To nvarchar or to varchar in SQL Server to accept French text

I found one single character from the French language that its binary representation is not the same for Unicode and Windows-1252. The oe ligature. Let me rant about it…

create table test_table
(name1 varchar (1) ,
name2 nvarchar (1) )

insert test_table
values (‘œ’, ‘œ’)

select * from test_table

select ASCII(name1), ASCII(name2), Unicode(name1), unicode(name2) from test_table

select COL_LENGTH(‘test_table’,’name1′) as Length1, COL_LENGTH(‘test_table’,’name2′) as Length2 from test_table

select char(156), char(339)

drop table test_table

This character is used in the word “eggs” in French
‘des œufs’ means some eggs…

These first two sets of characters from the Latin alphabet have identical Unicode and Windows-1252 (ASCII) character code.
(Basic Latin)
http://en.wikipedia.org/wiki/Basic_Latin_Unicode_block
and
Latin-1:
http://en.wikipedia.org/wiki/Latin-1_Supplement_Unicode_block

Their binary representation is the same as they all fit in one single byte or octet.

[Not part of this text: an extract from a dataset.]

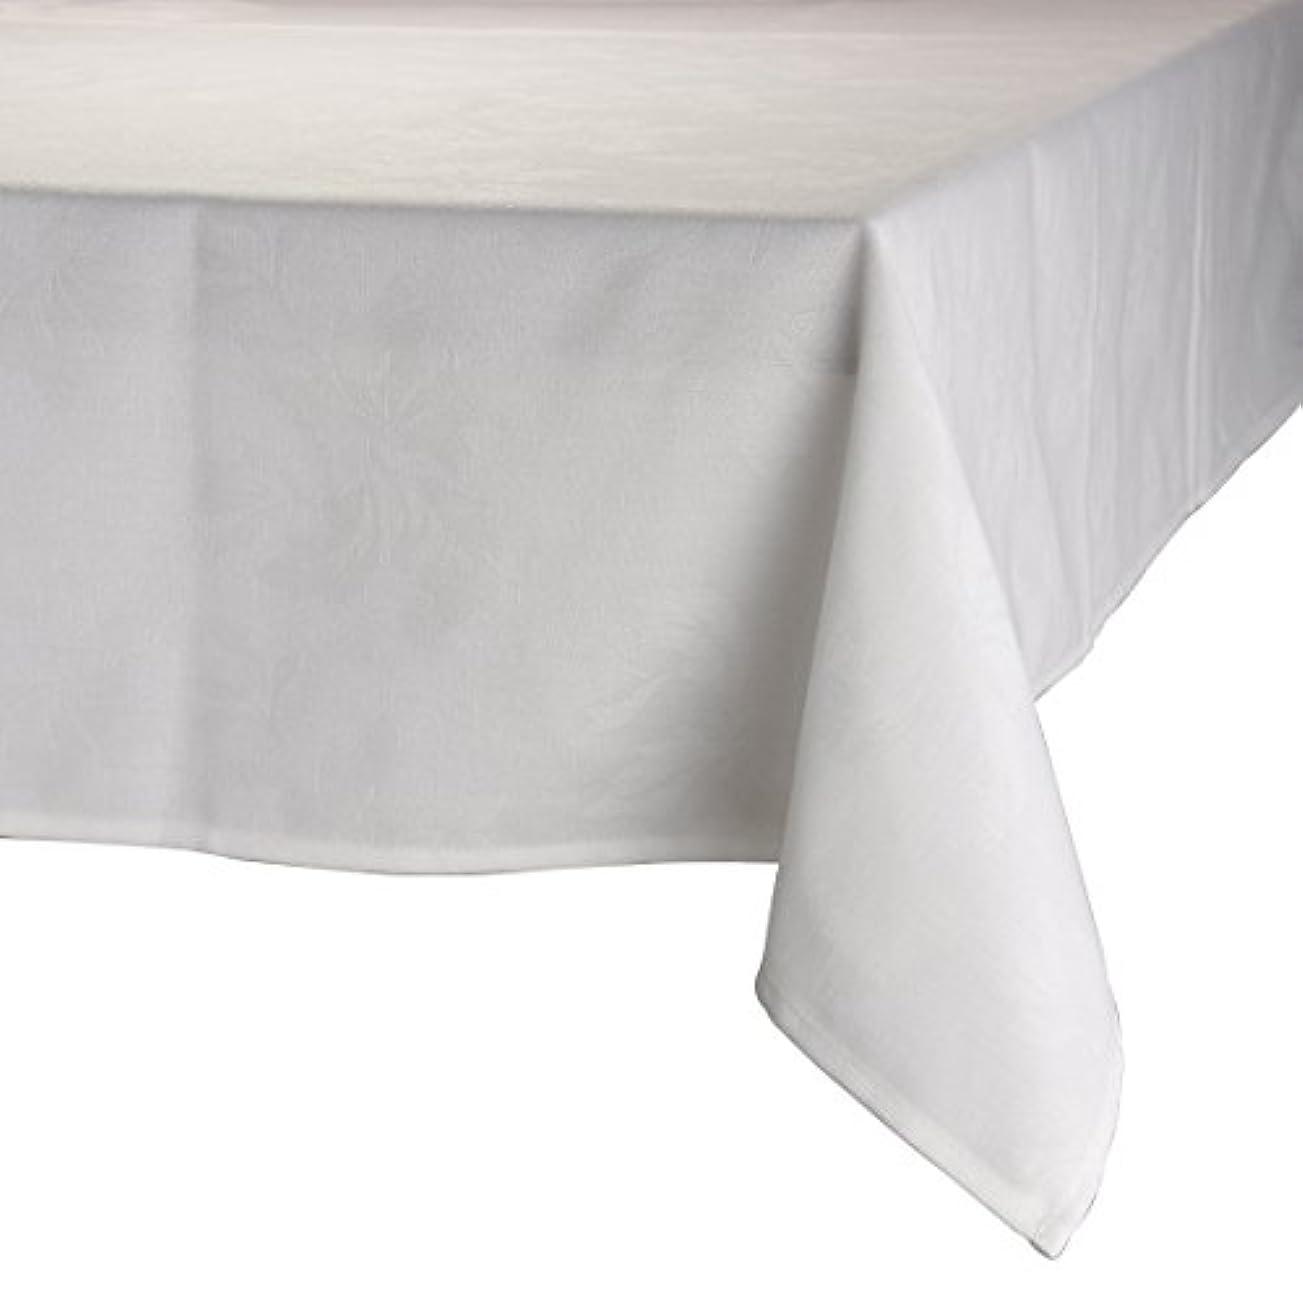 上がるロック登場MAJEST(マジェスト) テーブルクロス 長方形150cmx260cm 布地 ホワイト 花柄 繋なし 吸水タイプ

However, the extended Latin characters do not have the same Windows-1252 (ASCII) code and Unicode code.
http://en.wikipedia.org/wiki/Latin_Extended-A_Unicode_block

From this character set, French only uses the oe ligature though.

French accents and ligatures and how to type them with the number pad:
a with grave accent
à ALT + 133 À ALT + 0192

a with circumflex
â ALT + 131 Â ALT + 0194

a with tréma
ä ALT + 132 Ä ALT + 142

a e ligature
æ ALT + 145 Æ ALT + 146

c with cedilla
ç ALT + 135 Ç ALT + 128

e with acute accent
é ALT + 130 É ALT + 144

e with grave accent
è ALT + 138 È ALT + 0200

e with circumflex
ê ALT + 136 Ê ALT + 0202

e with tréma
ë ALT + 137 Ë ALT + 0203

i with circumflex
î ALT + 140 Î ALT + 0206

i with tréma
ï ALT + 139 Ï ALT + 0207

o with circumflex
ô ALT + 147 Ô ALT + 0212

o e ligature
œ ALT + 0156 Œ ALT + 0140

u with grave accent
ù ALT + 151 Ù ALT + 0217

u with circumflex
û ALT + 150 Û ALT + 0219

u with tréma
ü ALT + 129 Ü ALT + 154

French quotation marks
« ALT + 174 » ALT + 175

Euro symbol
€ ALT + 0128

The Windows-1252 encoding can be seen here:
http://www.visibone.com/htmlref/char/webascii.htm

For more, see Joel on Software rant :-p

As most questions in technology, the answer is: it depends.

http://stackoverflow.com/questions/35366/varchar-vs-nvarchar-performance

Performance wise, varchar is more efficient, less memory space, 20% to 30% smaller indexes.
Most database drivers will interpret the incoming stream and convert to Windows-1252 encoding, if the server code page is Windows 1252.
If you use way too many characters in the extended Latin group, you have no choice but using nvarchar…if you deal with other languages that are not Romance Languages, you have no choice but nvarchar.

Cheers!

3 thoughts on “To nvarchar or to varchar in SQL Server to accept French text”

  1. I certainly must to get out of my apartment considerably more and cease from wasting a large percentage of of my day practicing poker on myspace or facebook because as of late i have been missing about this. Although I can’t say that I 100% go along with every single concept, its excellent to start reading some smart commentary in place of the normal spam I see floating all over the internet. This is a great post on the subject.

  2. This is a really good read for me. Must admit that you are one of the best bloggers I ever saw. Thanks for posting this informative article.

  3. I have got 1 suggestion for your blog site. It seems like right now there are a number of cascading stylesheet troubles while launching a number of webpages in google chrome and firefox. It is working okay in internet explorer. Probably you can double check that.

Leave a Reply

Your email address will not be published.

This site uses Akismet to reduce spam. Learn how your comment data is processed.